Job details

Expert Site Reliability Engineer - GCP

Get a free resume review

We are seeking an experienced Google Cloud Platform (GCP) Site Reliability Engineer (SRE) to manage daily operational workloads, ensuring the reliability, scalability, and cost efficiency of cloud infrastructure. The ideal candidate will have deep expertise in capacity planning, performance optimization, infrastructure design, and FinOps best practices to maintain an efficient and cost-effective GCP environment.

Key Responsibilities:

• Operations & Reliability: Manage and maintain GCP infrastructure, ensuring high availability, scalability, and system reliability.

• Capacity Planning & Optimization: Monitor and forecast resource utilization, performance trends, and infrastructure scaling needs to optimize cloud costs and efficiency.

• Infrastructure Design & Automation: Design and implement highly available, fault-tolerant, and resilient cloud architectures, leveraging Infrastructure as Code (IaC) tools such as Terraform and Ansible.

• Performance Monitoring & Incident Response: Utilize Google Cloud Monitoring, Cloud Logging, and third-party tools to proactively detect and resolve performance issues.

• FinOps & Cost Management: Analyze and optimize cloud spending, implement cost controls, recommend rightsizing strategies, and ensure efficient resource allocation.

• Security & Compliance: Implement best practices for IAM, network security, encryption, and compliance frameworks (SOC2, ISO 27001, NIST).

• CI/CD & DevOps Integration: Collaborate with DevOps teams to streamline deployment processes, automate workflows, and optimize application performance.

• Disaster Recovery & High Availability: Design and implement disaster recovery (DR) plans, backup strategies, and failover mechanisms to ensure business continuity.

• Documentation & Collaboration: Maintain comprehensive documentation of infrastructure, best practices, and optimization strategies while working closely with cross-functional teams.

Qualifications:

• Education: Bachelor’s degree in Computer Science, Information Technology, or equivalent experience.

• Experience: 8+ years of experience in cloud operations, reliability engineering, or infrastructure management.

• Certifications: GCP Professional Cloud Architect, GCP Professional DevOps Engineer, or equivalent is preferred.

• Technical Proficiency:

• Expertise in Google Cloud networking, Compute Engine, Kubernetes (GKE), Cloud Functions, and Cloud Storage.

• Strong knowledge of Terraform, Ansible, or other Infrastructure as Code (IaC) tools.

• Experience with Google Kubernetes Engine (GKE), microservices, and container orchestration.

• Hands-on experience with FinOps tools and cost optimization strategies in cloud environments.

• Familiarity with monitoring and logging solutions such as Google Operations Suite (formerly Stackdriver), Prometheus, Grafana.

• Experience with CI/CD pipelines, automation, and GitOps best practices.

• Strong understanding of SRE principles, SLAs, SLOs, and error budgets.

Preferred Qualifications:

• Experience with multi-cloud or hybrid cloud environments.

• Knowledge of serverless computing and cloud-native application design.

• Understanding of ITIL frameworks for incident, problem, and change management

Average salary estimate

$135000 / YEARLY (est.)

min

max

$120000K

$150000K

If an employer mentions a salary or salary range on their job, we display it as an "Employer Estimate". If a job has no salary data, Rise displays an estimate if available.

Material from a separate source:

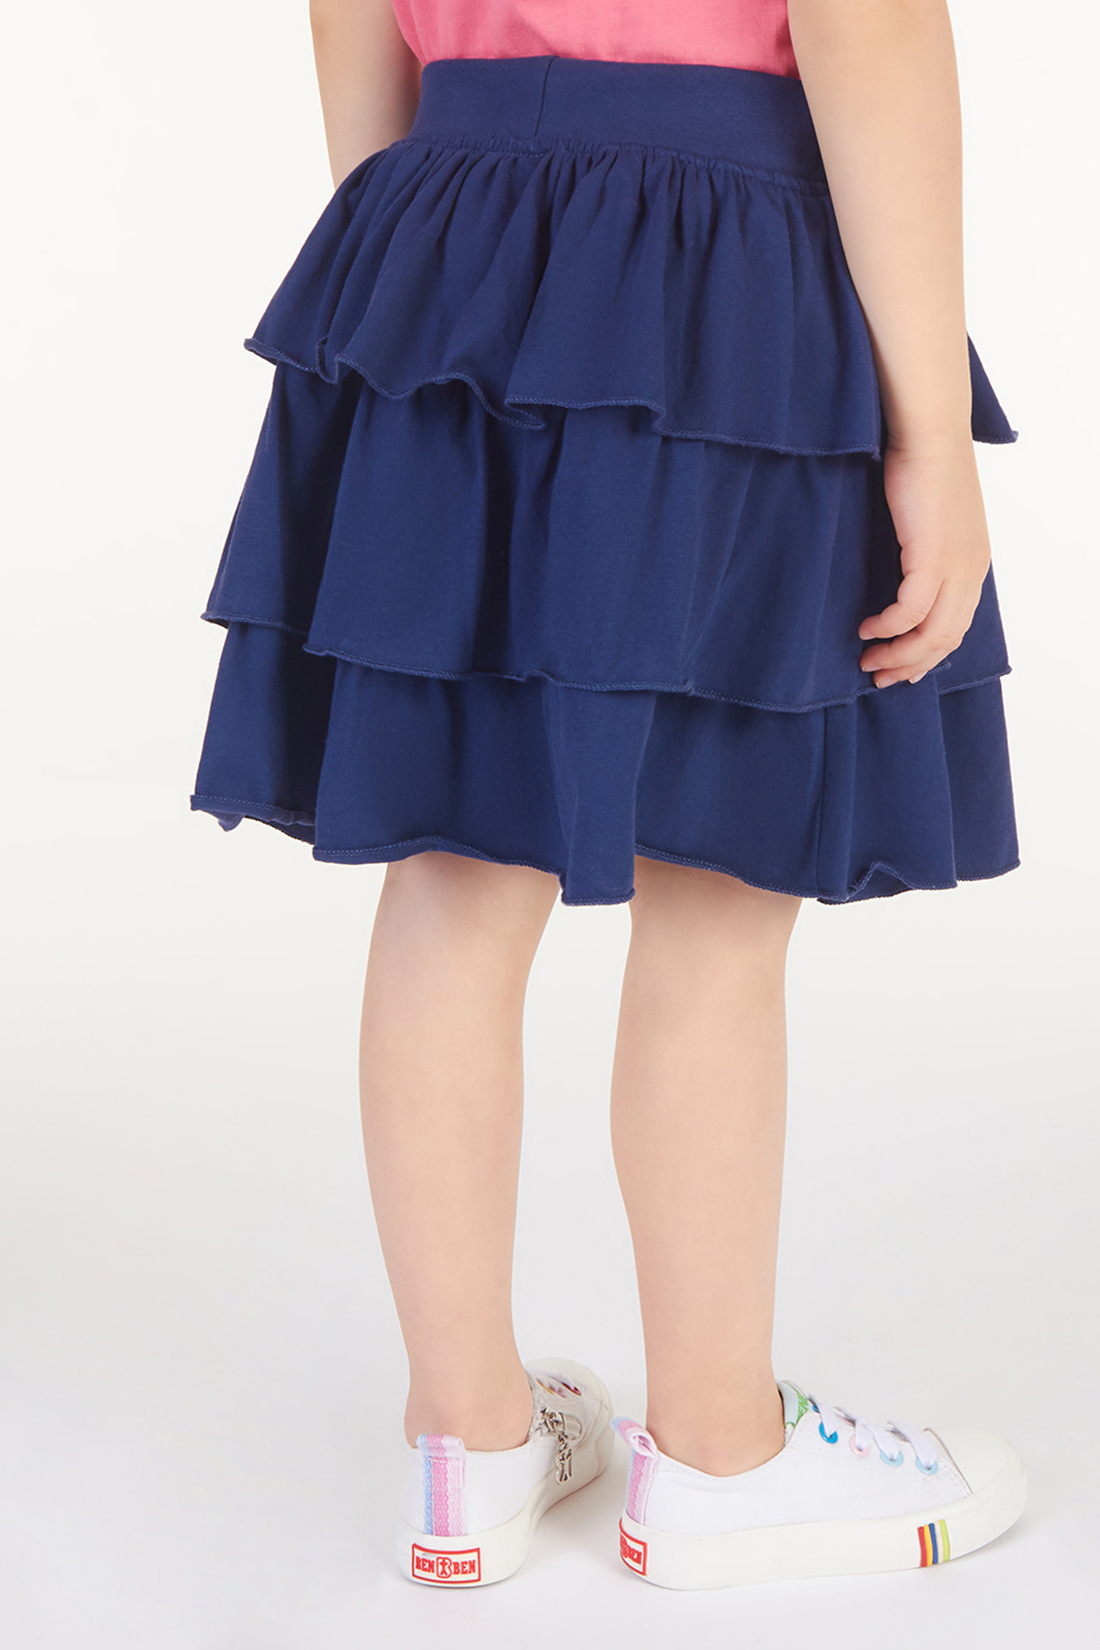 Юбка для девочки (арт. baon BK478004), размер 98-104, цвет синий Юбка для девочки (арт. baon BK478004) - фото 2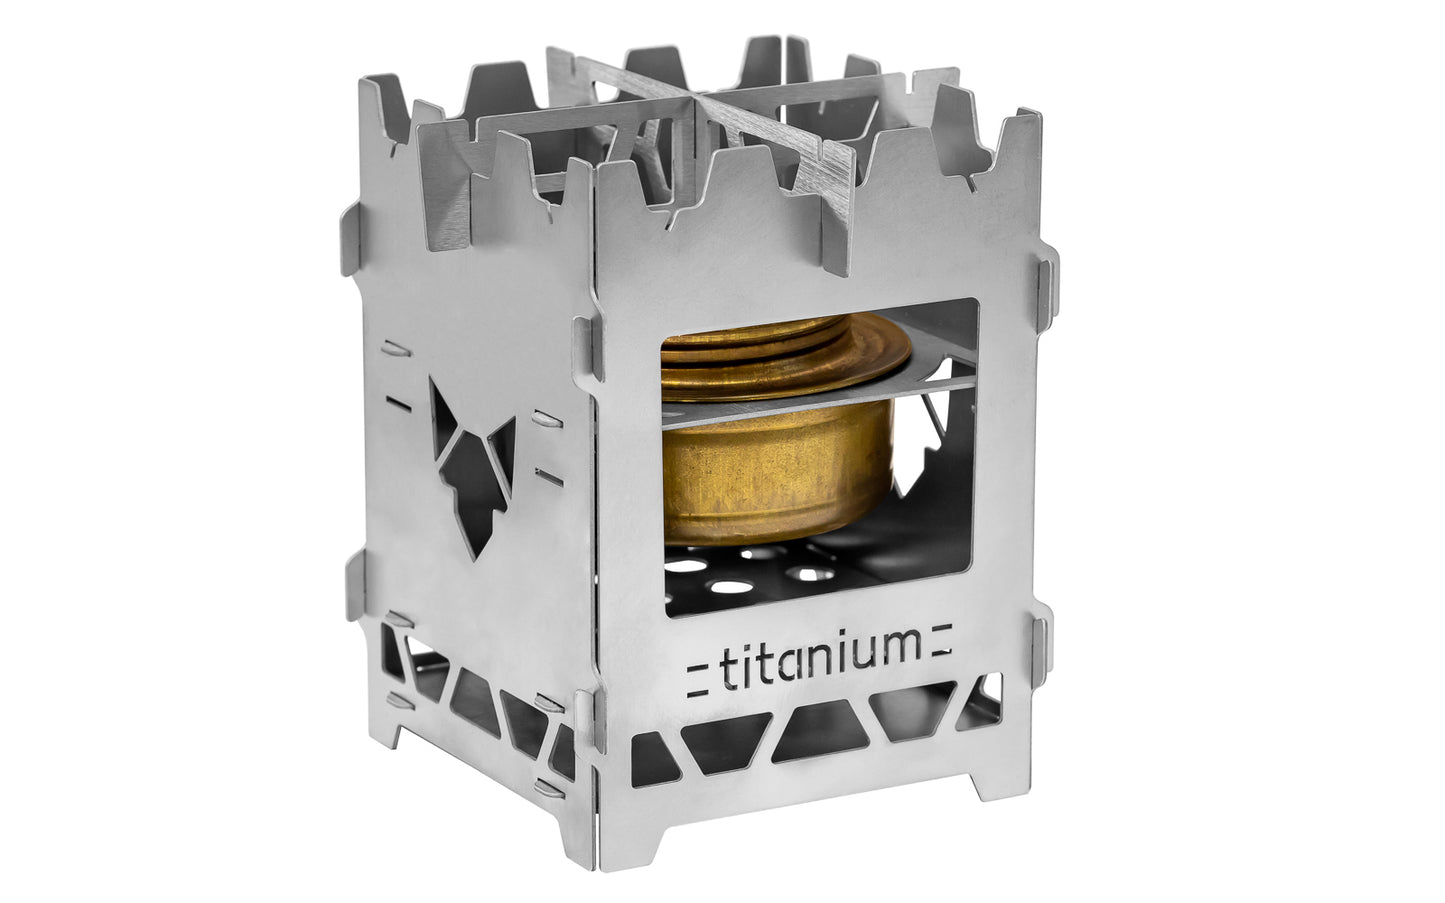 Titan Hobo mit herausgeschnittenem Titanium-Schriftzug und mit Einsatz für Trangia inklusive eingesetzten Trangia Brenner.

What You Should Know About Expert Site Reliability Engineer - GCP, DeepSource Technologies

We are excited to announce a fantastic opportunity at our company for an Expert Site Reliability Engineer - GCP! If you're passionate about managing cloud infrastructure on Google Cloud Platform and have a knack for ensuring high availability and reliability, this position might just be for you. As an SRE, you'll take on the challenge of overseeing daily operational workloads while optimizing the cost efficiency of our GCP environment. You'll dive deep into capacity planning and performance optimization, helping us design resilient cloud architectures using tools like Terraform and Ansible. Your expertise will enable us to proactively monitor performance and respond to incidents with a hands-on approach. Moreover, you'll play a critical role in FinOps, analyzing cloud spending and making recommendations for optimizing resources. Collaborating closely with cross-functional teams, you'll ensure that our operational practices meet security and compliance standards. If you have over 8 years of experience in cloud operations, a relevant degree, and hold certifications like GCP Professional Cloud Architect, we would love to hear from you. Join us in building a highly reliable and scalable GCP setup and take your career to the next level!

Frequently Asked Questions (FAQs) for Expert Site Reliability Engineer - GCP Role at DeepSource Technologies

What responsibilities does an Expert Site Reliability Engineer - GCP have?

As an Expert Site Reliability Engineer - GCP, you will be responsible for managing and maintaining GCP infrastructure, ensuring its reliability and high availability. This includes capacity planning, performance optimization, disaster recovery planning, and implementing cost management strategies. You'll also work on automation and CI/CD practices to streamline deployments.